In November 2017, the body of my cousin Fernanda was found on the street in a garbage bag with signs of sexual violence and three-gun shots. This documentary project arises from the most intimate, within my own family and tells the story of my cousin Siomara who became a Substitute Mother of her (at that time) 3-year-old niece, since her mother was a victim of feminicide. This project shows how femicide does not end with murder, but has psychosocial impacts that cause trauma in orphan children, in mothers, sisters, grandmothers and aunts who become Substitute Mothers because of violence in Mexico.
Based on data from the National Femicide Observatory in Mexico, around 30,889 girls, boys and adolescents have been orphaned due to femicide between January 2017 (the year my cousin was murdered) and March 2021. According to data from UN Women, in Mexico ten women were murdered daily victims of femicide during 2020. Currently, Mexico ranks second in Latin America for orphaned children. Given this and based on data from the Orphans for Femicide organization, 98% of the caregivers who are left in charge of these childhoods are women and there is no recognition or support by the law for them.
The story of Siomara and her niece is one of thousands of cases in the country who, as a result of the feminicide of a close relative, take care of the victim's orphaned children indefinitely and amid loopholes. These women live in a constant environment of impunity and corruption perpetrated by the State. SUBSTITUTE MOTHER addresses discrimination against women in disadvantaged situations and the rights of children in a dual and combined way.
Siomara decided to march with Nicole on November 25th, 2019 on the streets of Mexico City with a contingent who marched to denounce the wave of femicides in the country, lack of access to justice and impunity in cases that have been documented.

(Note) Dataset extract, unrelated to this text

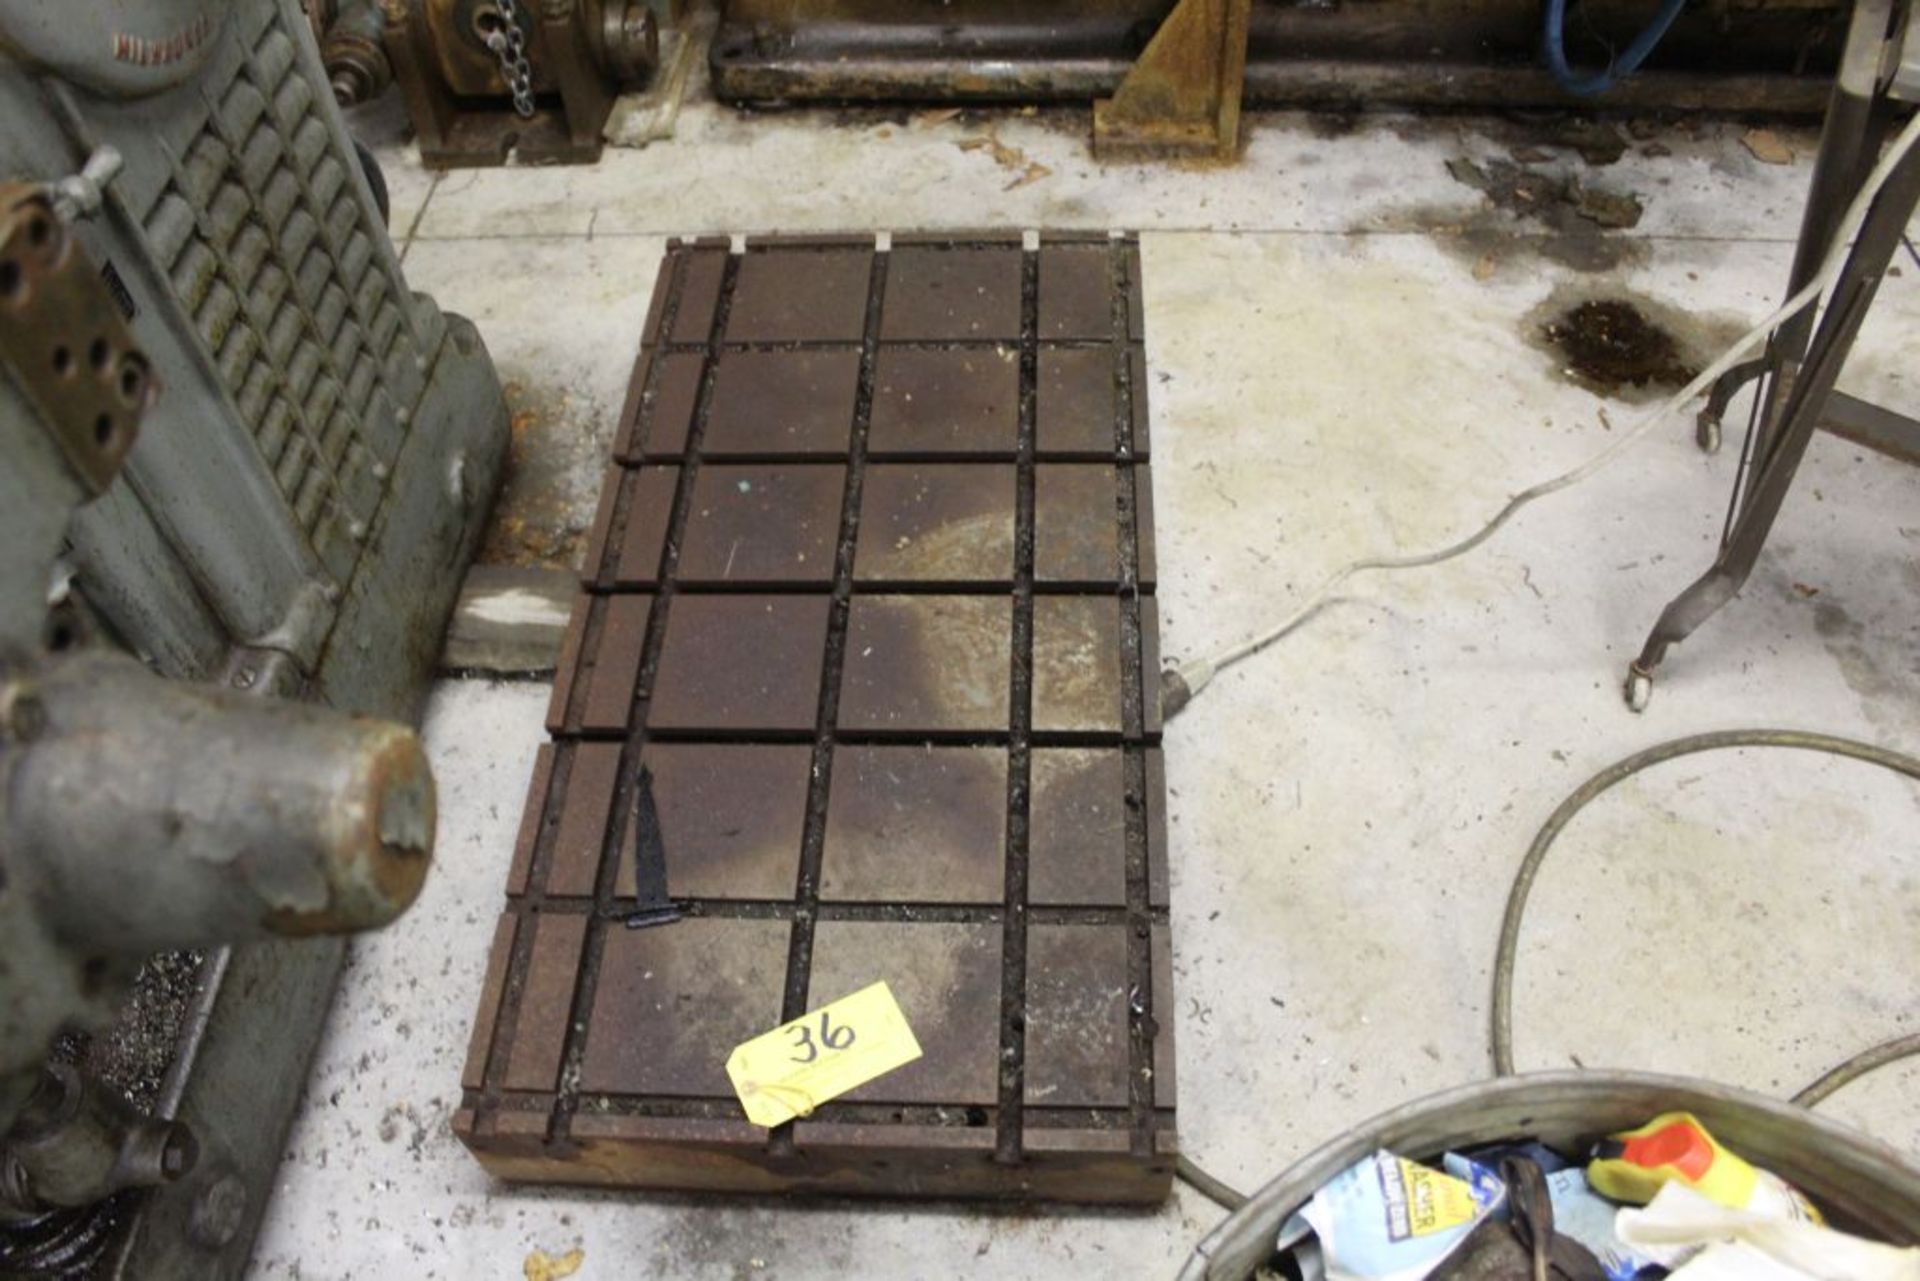 Slotted surface plate 41" x 21" x 6".

Siomara helps Emiliano, the eldest of the three children to say goodbye to his mother who is in the coffin.
"We're moving again" That day Siomara told Nicole that they would be moving for the eighth time since they were together.
How many girls, boys and adolescents have been orphaned by femicidal violence against women in Mexico? Nicole's loneliness is that of many more, the trauma and the lack of access to justice causes them to carry a stigma that is difficult to remove.
It has been four years since Siomara became Nicole's mother. "Despite time has passed, there are days when I feel like I can't, it hurts me a lot to have put my dreams aside, but when I think of her, I realize that she needs me, on days like this, the only thing that brings me peace of mind is cleaning and tidy up my room.
Nicole cries and wails because she got hurt playing. Siomara hugs and comforts her, but it also catches her attention since she told him several times that he could fall and get hurt for playing so abruptly.
Siomara and Nicole sleep together since they are mother and daughter, their house has only one room and Nicole doesn´t like to sleep alone since her mother was murdered. Nicole still has night terrors brought on by the trauma.
Like many 6-year-old girls, Nicole does not like bathing, it is a challenge to convince her and already being underwater Siomara has to invent fun times for her to learn to enjoy it.
Portrait of Nicole in the streets of the neighborhood where they live since mid-2019 south of Mexico City.
Nicole helps Siomara carry bags and small packages for the seventh move in the last four years.
In April 2021, Siomara and Nicole moved in for the seventh time. The job instability that comes with caring for and attending to the needs of a girl with trauma has led them to continue looking for some kind of stability.
Nicole says goodbye to Siomara with a kiss before separating for the Christmas festival at school.
Like many girls and boys, Nicole has a hard time getting up in the morning to go to school and it's always a little battle to have breakfast and hurry up so as not to be late.